Literature DB >> 23325783

Renal cell carcinoma metastases to the pancreas: value of arterial phase imaging at MDCT.

Michael T Corwin1, Ramit Lamba, Machelle Wilson, John P McGahan.   

Abstract

BACKGROUND: The pancreas is an increasingly recognized site of renal cell carcinoma metastases. It is important to determine the optimal MDCT protocol to best detect RCC metastases to the pancreas.
PURPOSE: To compare the rate of detection of renal cell carcinoma metastases to the pancreas between arterial and portal venous phase MDCT.
MATERIAL AND METHODS: A retrospective review of CTs of the abdomen yielded six patients with metastatic RCC to the pancreas. Five of six patients had pathologically proven clear cell RCC. Two blinded reviewers independently reported the number of pancreatic lesions seen in arterial and venous phases. Each lesion was graded as definite or possible. The number of lesions was determined by consensus review of both phases.
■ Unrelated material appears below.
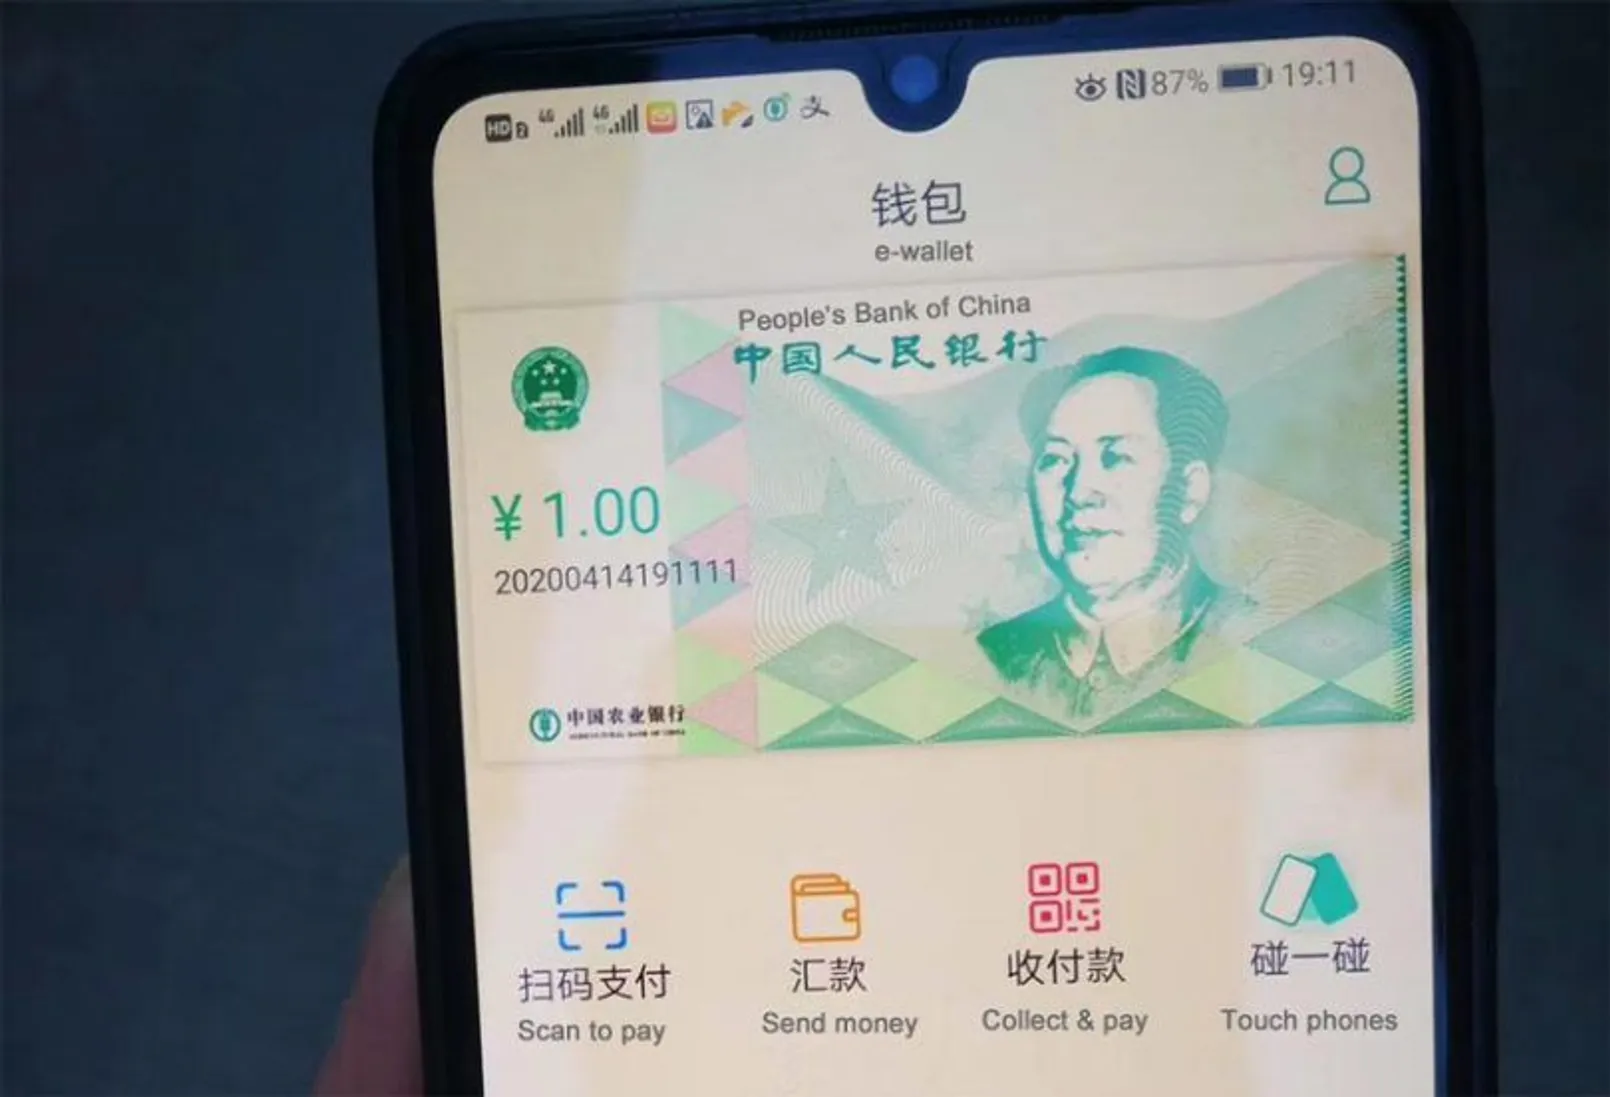 China Central Bank Digital Currency Wallet 810x552 1.jpg

Attenuation values were obtained for metastatic lesions and adjacent normal pancreas in both phases.
RESULTS: There were a total of 24 metastatic lesions to the pancreas. Reviewer 1 identified 20/24 (83.3%) lesions on the arterial phase images and 13/24 (54.2%) lesions on the venous phase. Seventeen of 20 (85.0%) arterial lesions were deemed definite and 9/13 (69.2%) venous lesions were definite. Reviewer 2 identified 19/24 (79.2%) lesions on the arterial phase and 14/24 (58.3%) on the venous phase. Seventeen of 19 (89.5%) arterial lesions were definite and 7/14 (50%) venous lesions were definite. Mean attenuation differential between lesion and pancreas was 114 HU and 39 HU for arterial and venous phases, respectively (P<0.0001).
CONCLUSION: Detection of RCC metastases to the pancreas at MDCT is improved using arterial phase imaging compared to portal venous phase imaging.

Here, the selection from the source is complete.